Wife: Put the dishes away I have other things to do.

Me: ok

*Me loading dishwasher with wife watching entire time to ensure I do it right*

@pixelatedboat

The 2020 presidential election will be won by whichever candidate has the strongest policy on adding Waluigi to Smash

@mattZillaaaa

*deletes embarrassing drunk tweets

*tweets embarrassing sober ones

@AristotlesNZ

Me: Baby-proofed the house like you wanted
Wife: Ya?
Me: Ya.
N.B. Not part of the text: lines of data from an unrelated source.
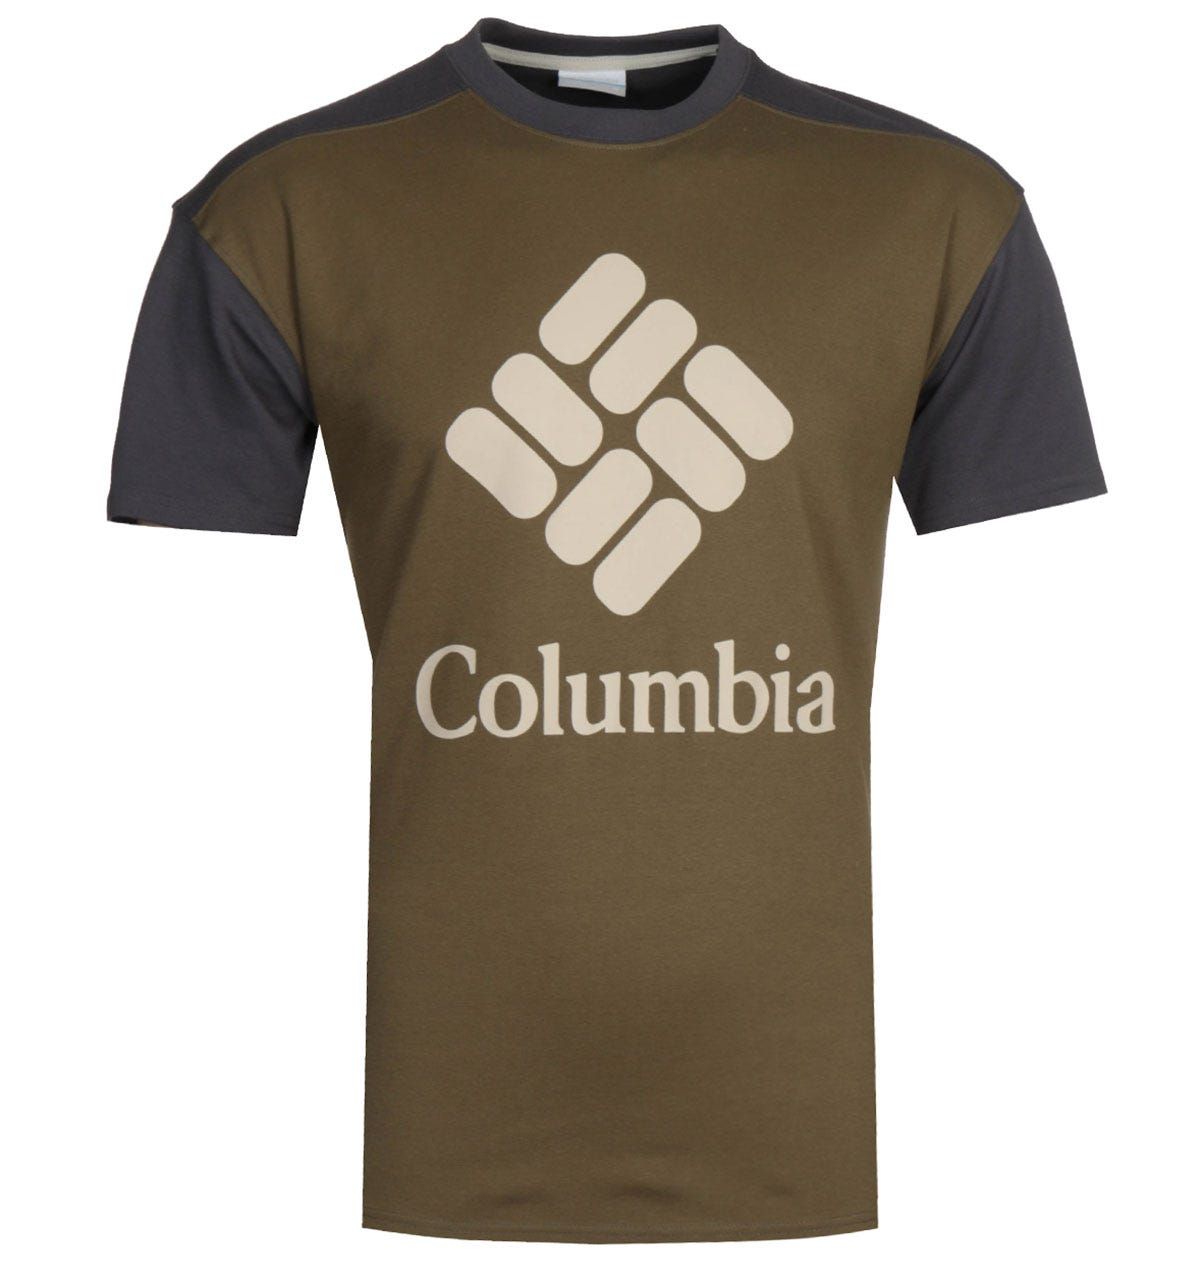 <p>A cool-season essential crafted by Columbia. The Columbia Lodge Green T-Shirt is a classic silhouette fitted with a crew neck and tonal stitching to give a vibrant touch. The design is finished with the Columbia logo printed on the chest.</p><ul><li>Cotton composition</li><li>Crew neck</li><li>Short sleeve</li><li>Ribbed trims</li><li>Tonal stitching throughout</li><li>Columbia logo printed on the chest</li></ul><p>Style & Fit:</p><ul><li>Regular fit</li><li>Fits true to size</li></ul><p>Fabric Composition & Care:</p><ul><li>100% Cotton</li><li>Machine wash</li></ul>
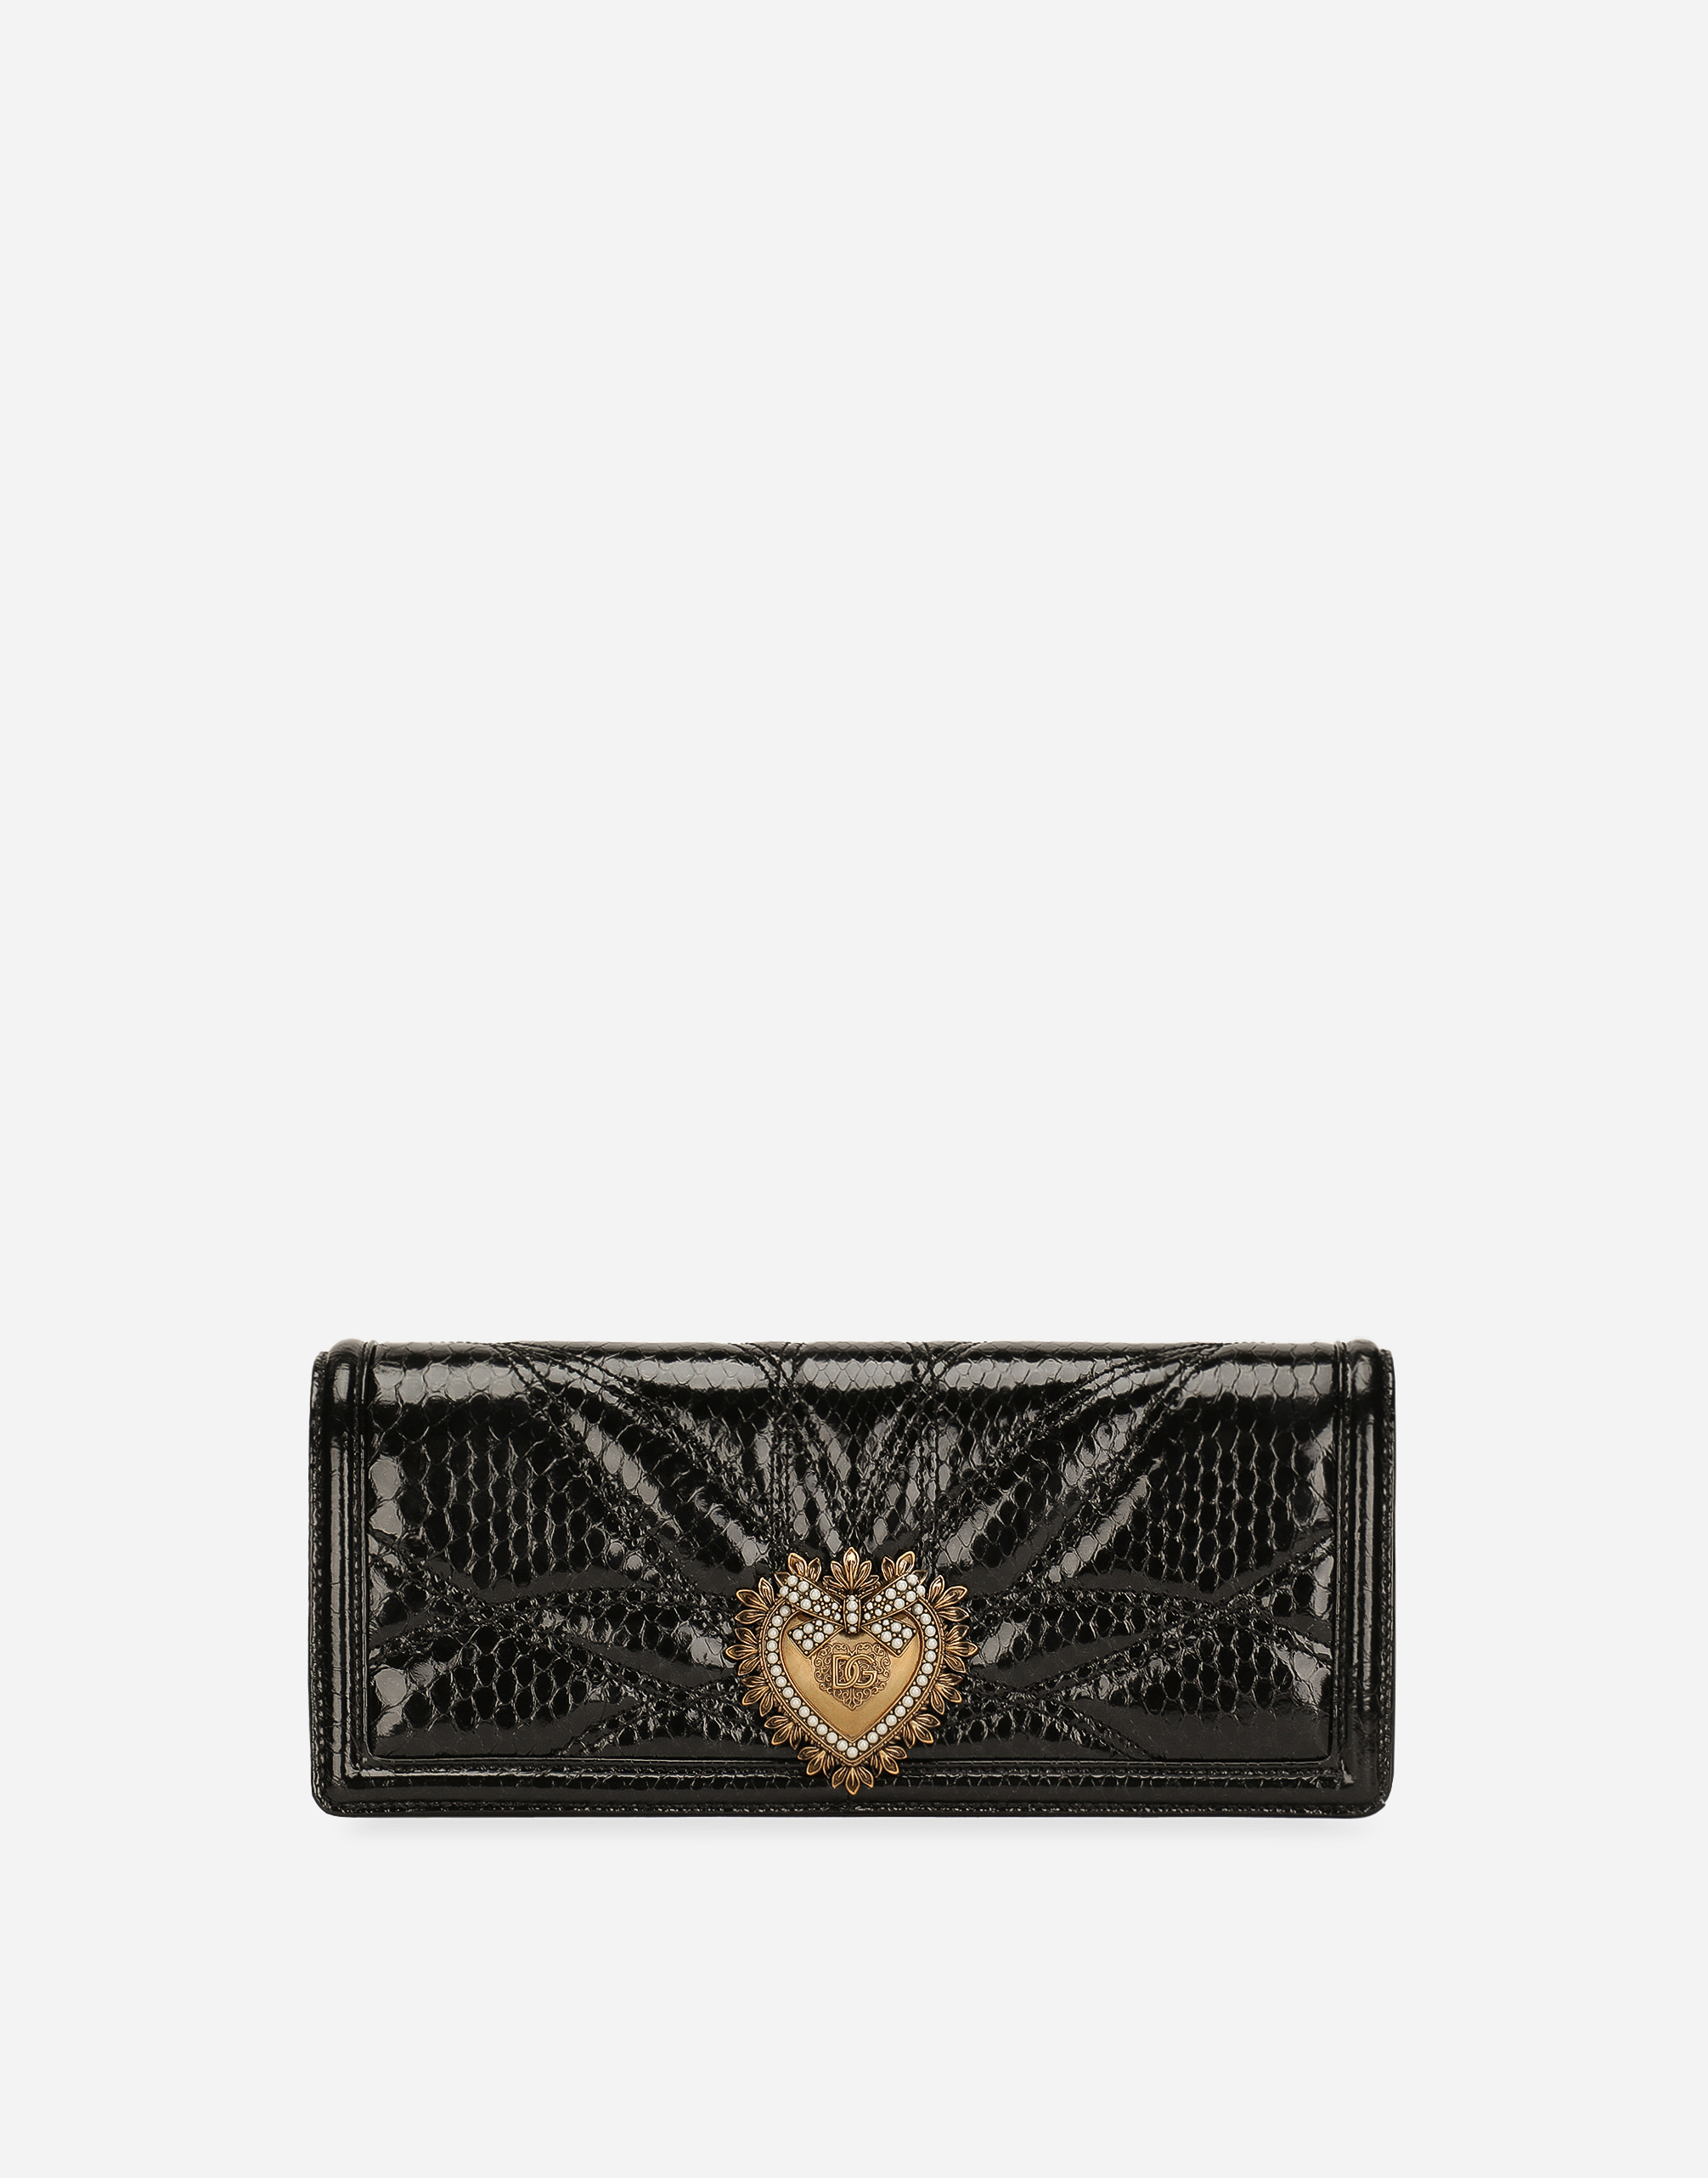 Dolce & Gabbana Devotion Baguette Bag In Black
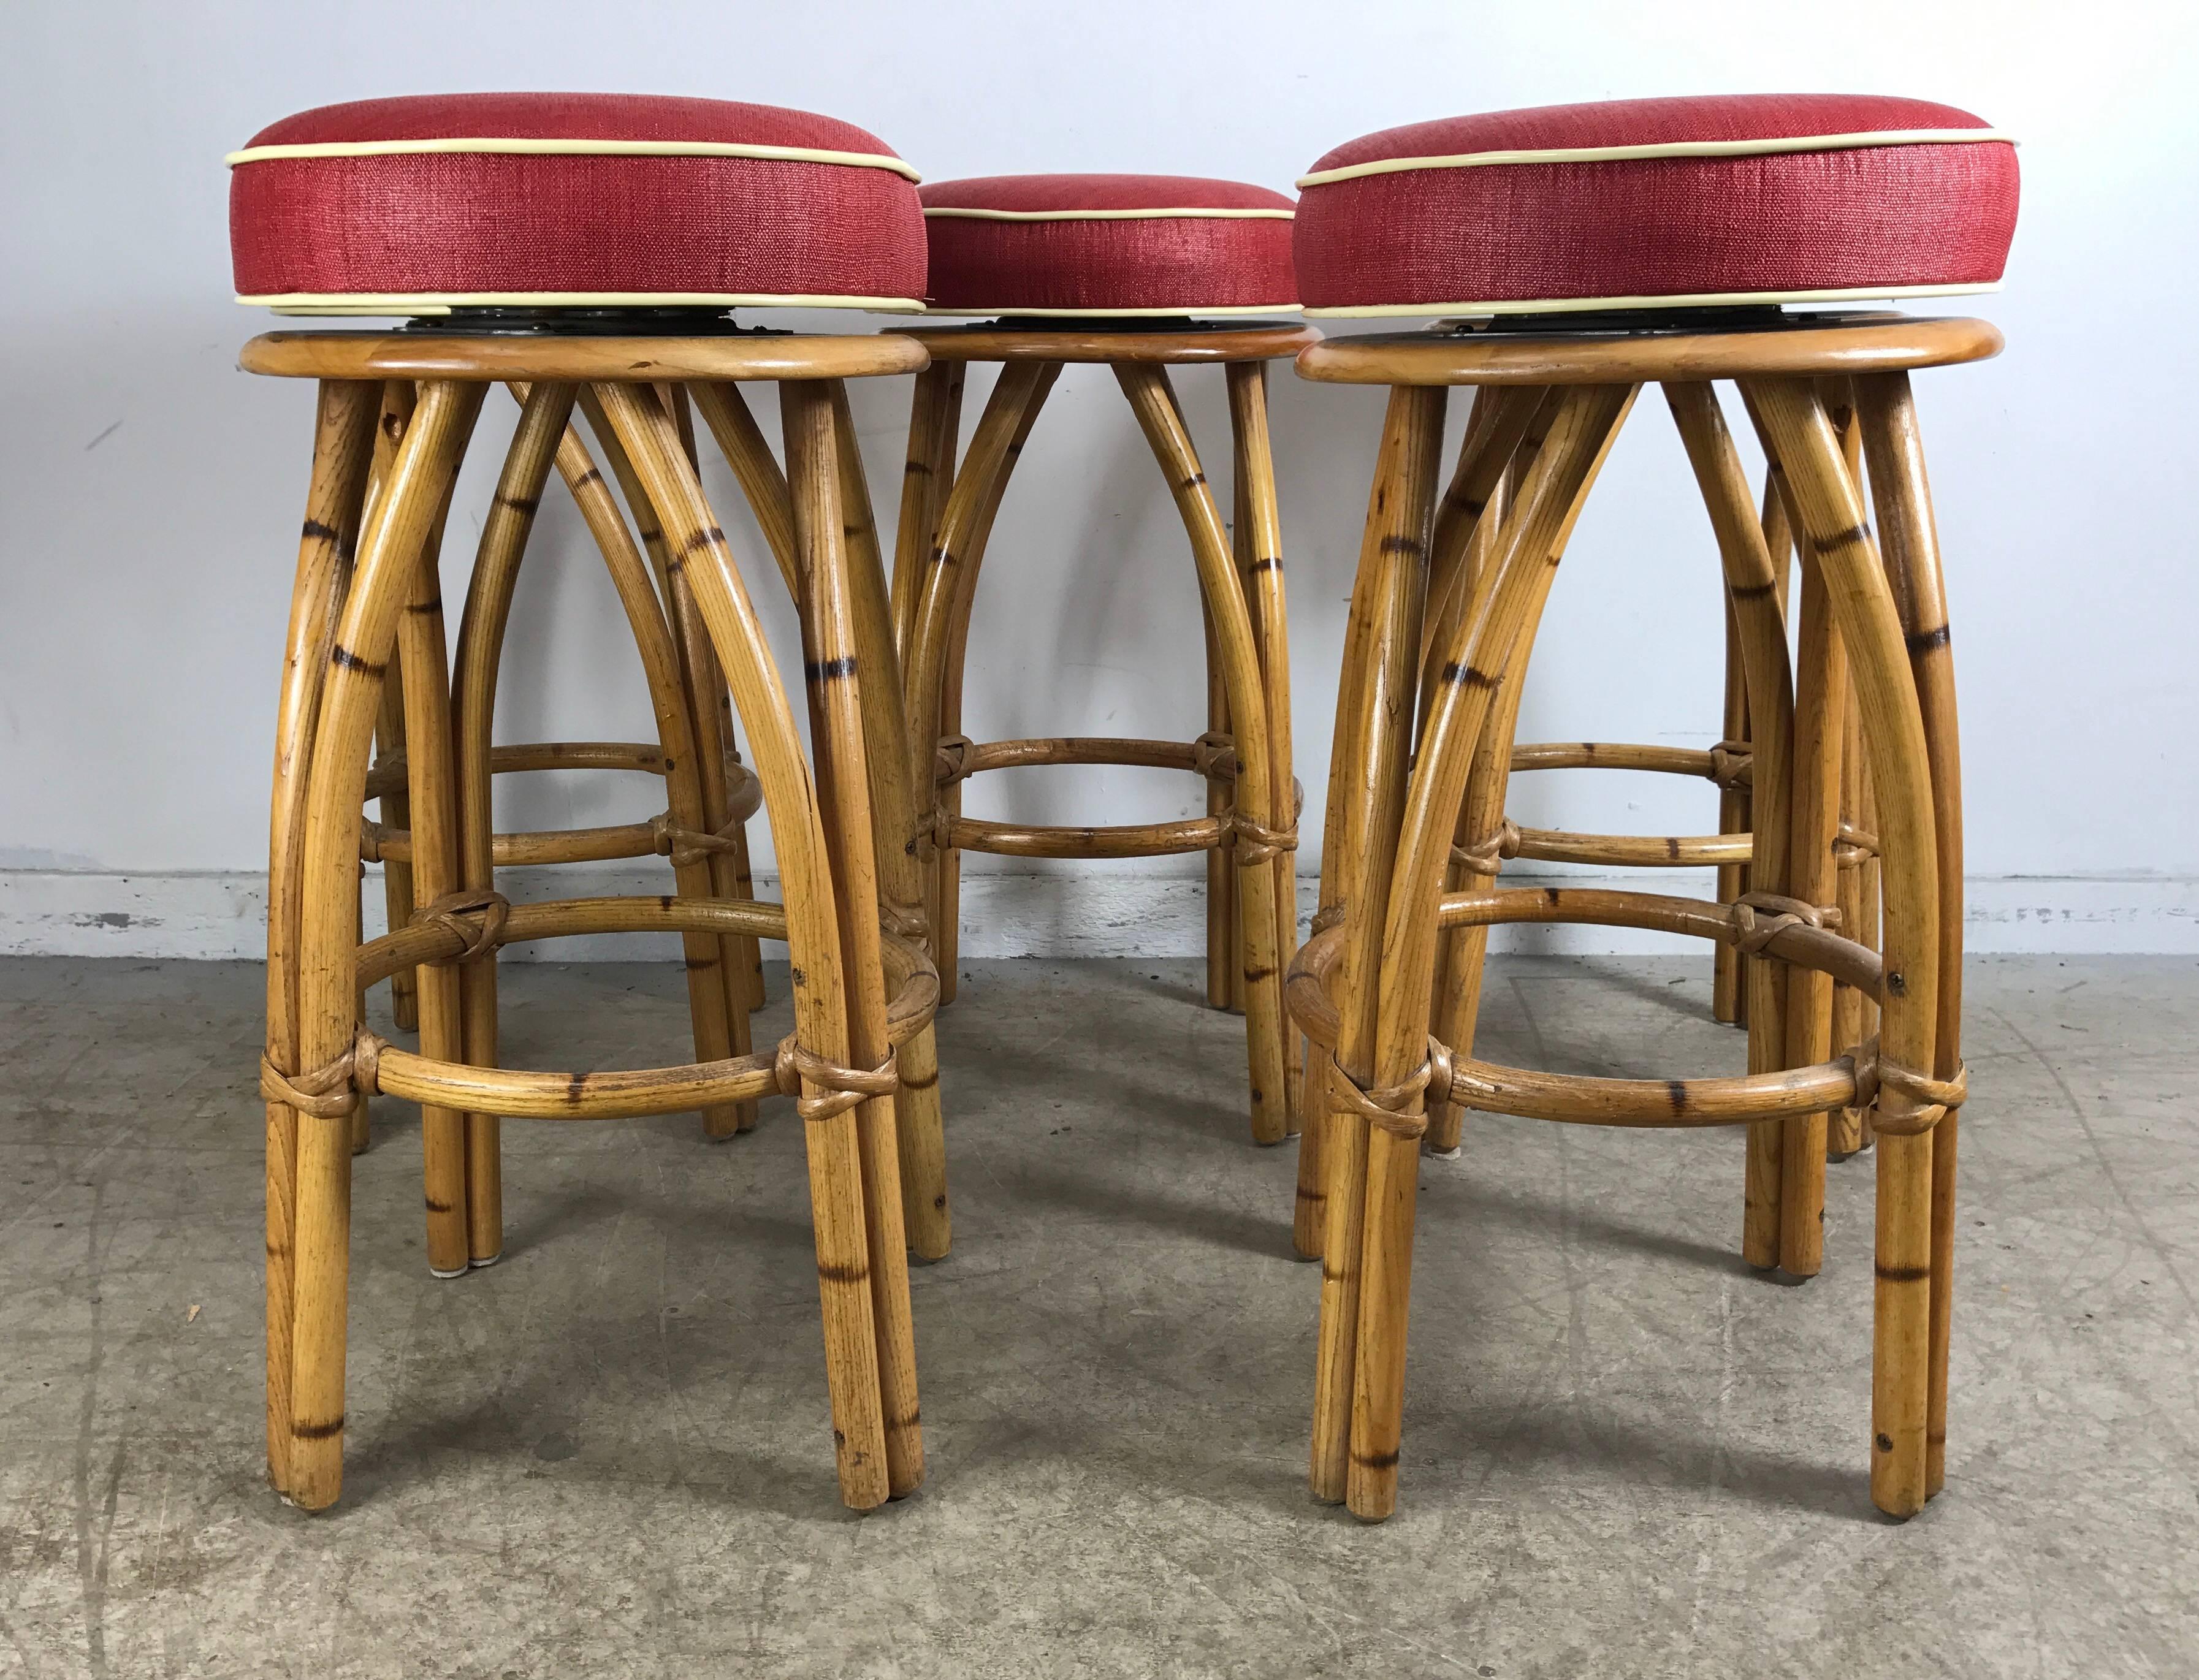 Classic Mid-Century Modern design, set of five bamboo swivel bar or counter stools, beautiful original finish, new upholstered tops. Stunning.

Locks, fence, barbed wire, the works
Her:..
Me: No way a baby’s gettin in here.

@causticbob

Beyonce: ‘Who run the world?’ Generally people who have at least a basic understanding of grammar.

@TitansHomer

[High School Reunion]

Him: I started my own Law Firm last year

Me: It took 2 months, but I convinced my wife Space Jam was a true story

@causticbob

Roses are red,
violets are blue,
this poem is overused,
just like your mum.

@InternetHippo

Commenting “this aged poorly” on my friend’s wedding anniversary posts from several years ago now that she’s getting divorced

@kentgrossarth

I don’t understand why gyms have mirrors. I know what I look like. That’s why I’m here.

@xysist

For once in my life, I’d just want to feel wanted; even if it means robbing a bank.